▸ Exercise
Your task is to copy the listing exactly, with the pictures left out.

▸ Collected material
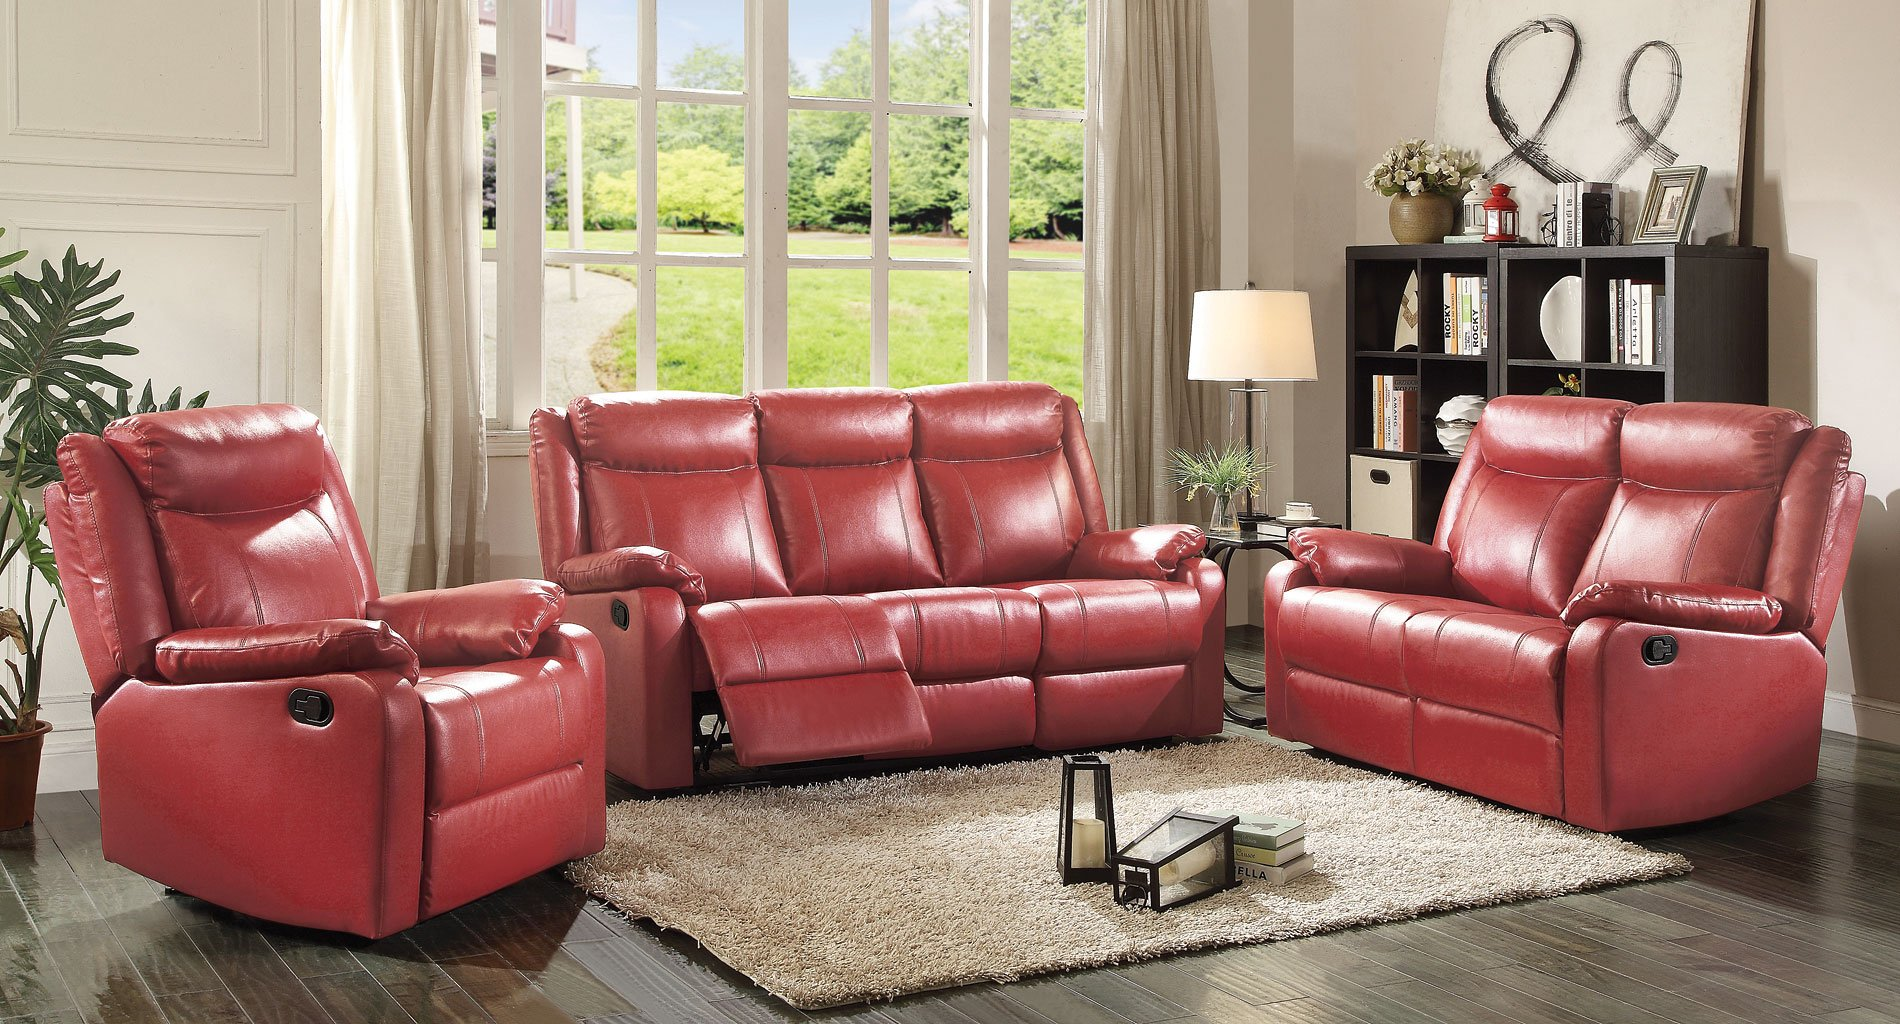 g765 reclining living room set red living room sets
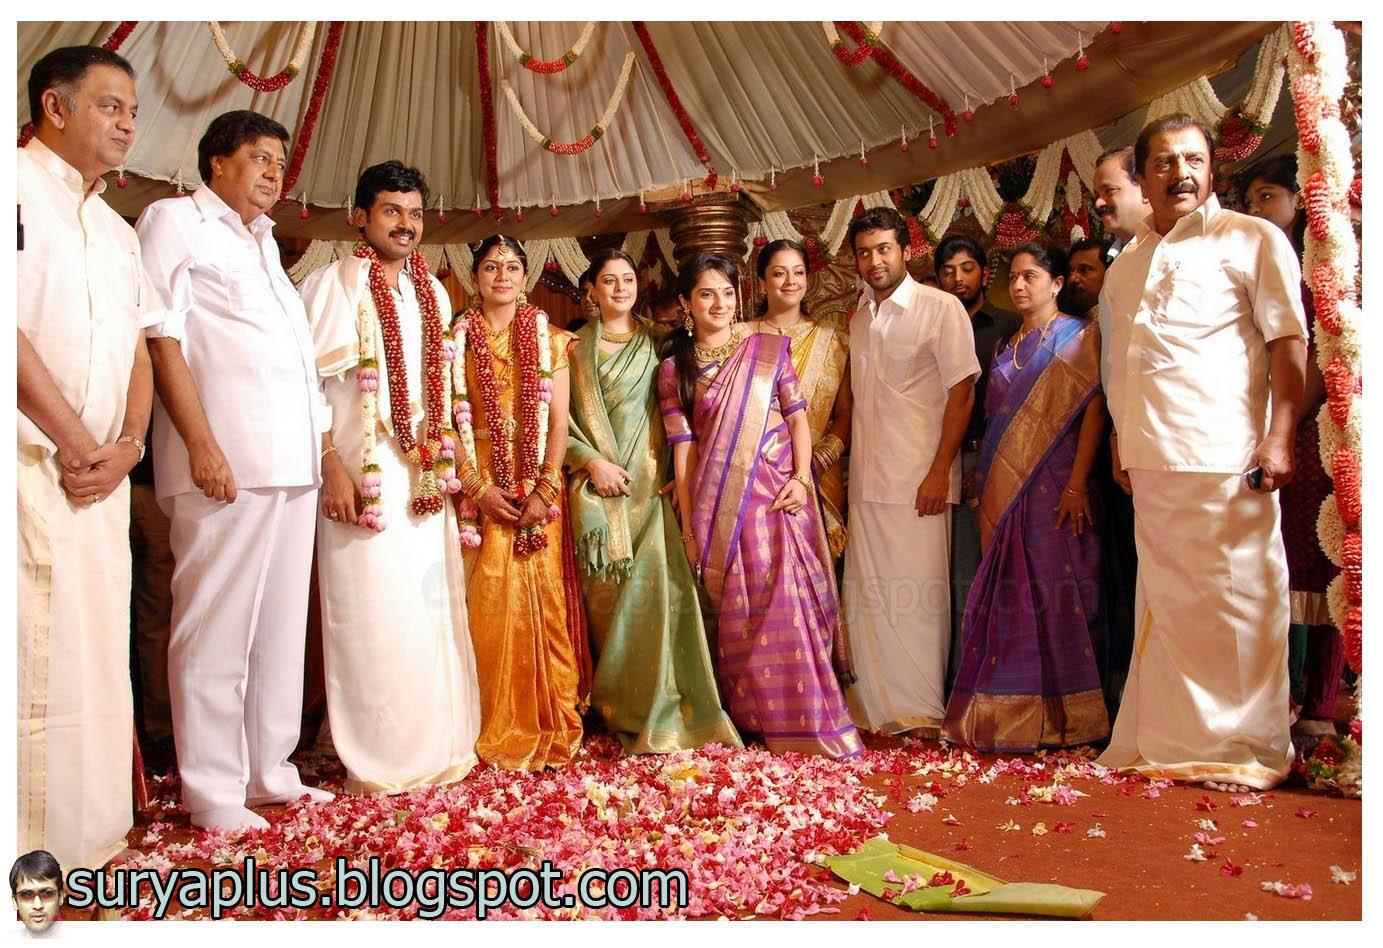 Large Hd Photo Of Karthi Wedding CLICK TO ENLARGE
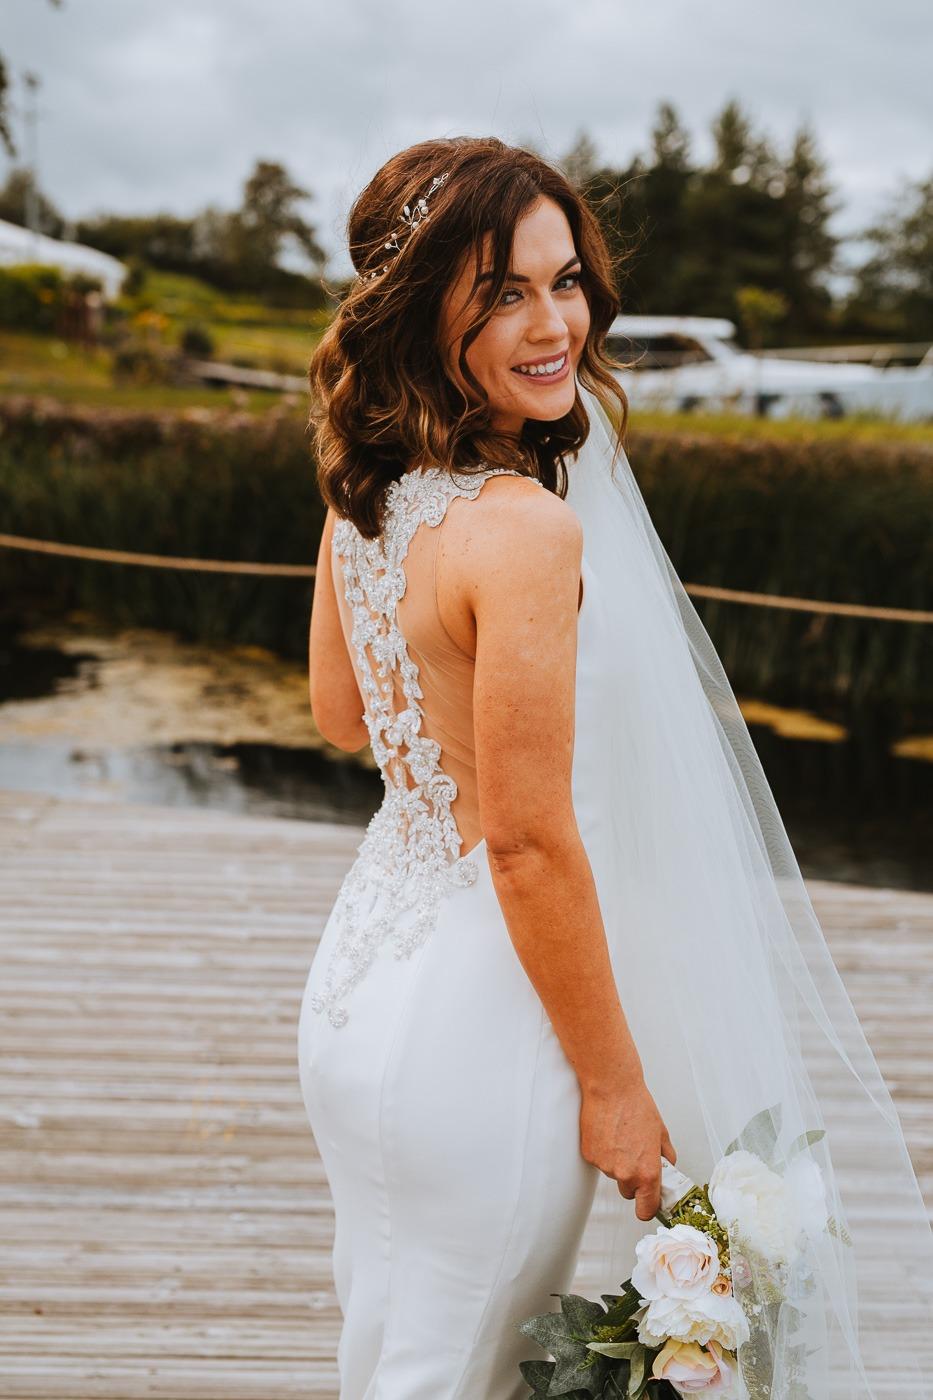 A woman in a white dress
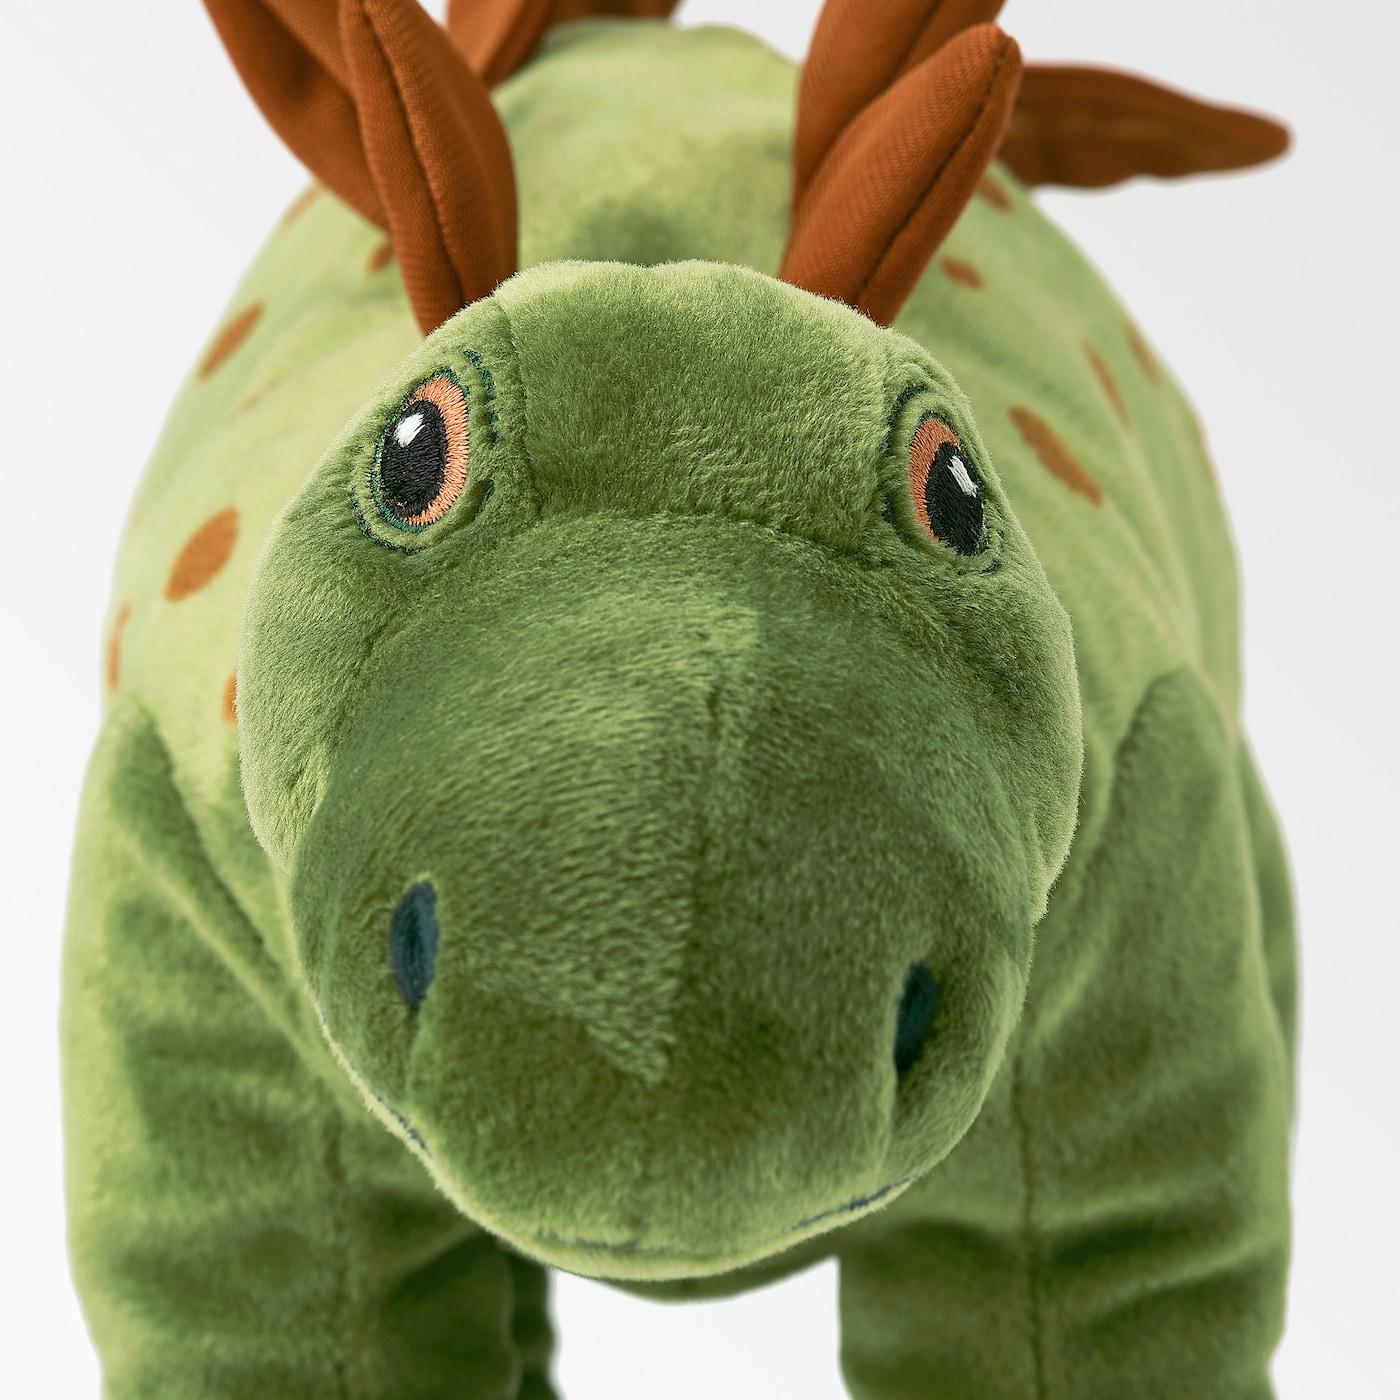 JÄTTELIK 耶特里克 毛绒玩具, 恐龙/恐龙/剑龙, 50 厘米

▸ Expected answer
 g765 reclining living room set red living room sets
 Large Hd Photo Of Karthi Wedding CLICK TO ENLARGE
 A woman in a white dress
 JÄTTELIK 耶特里克 毛绒玩具, 恐龙/恐龙/剑龙, 50 厘米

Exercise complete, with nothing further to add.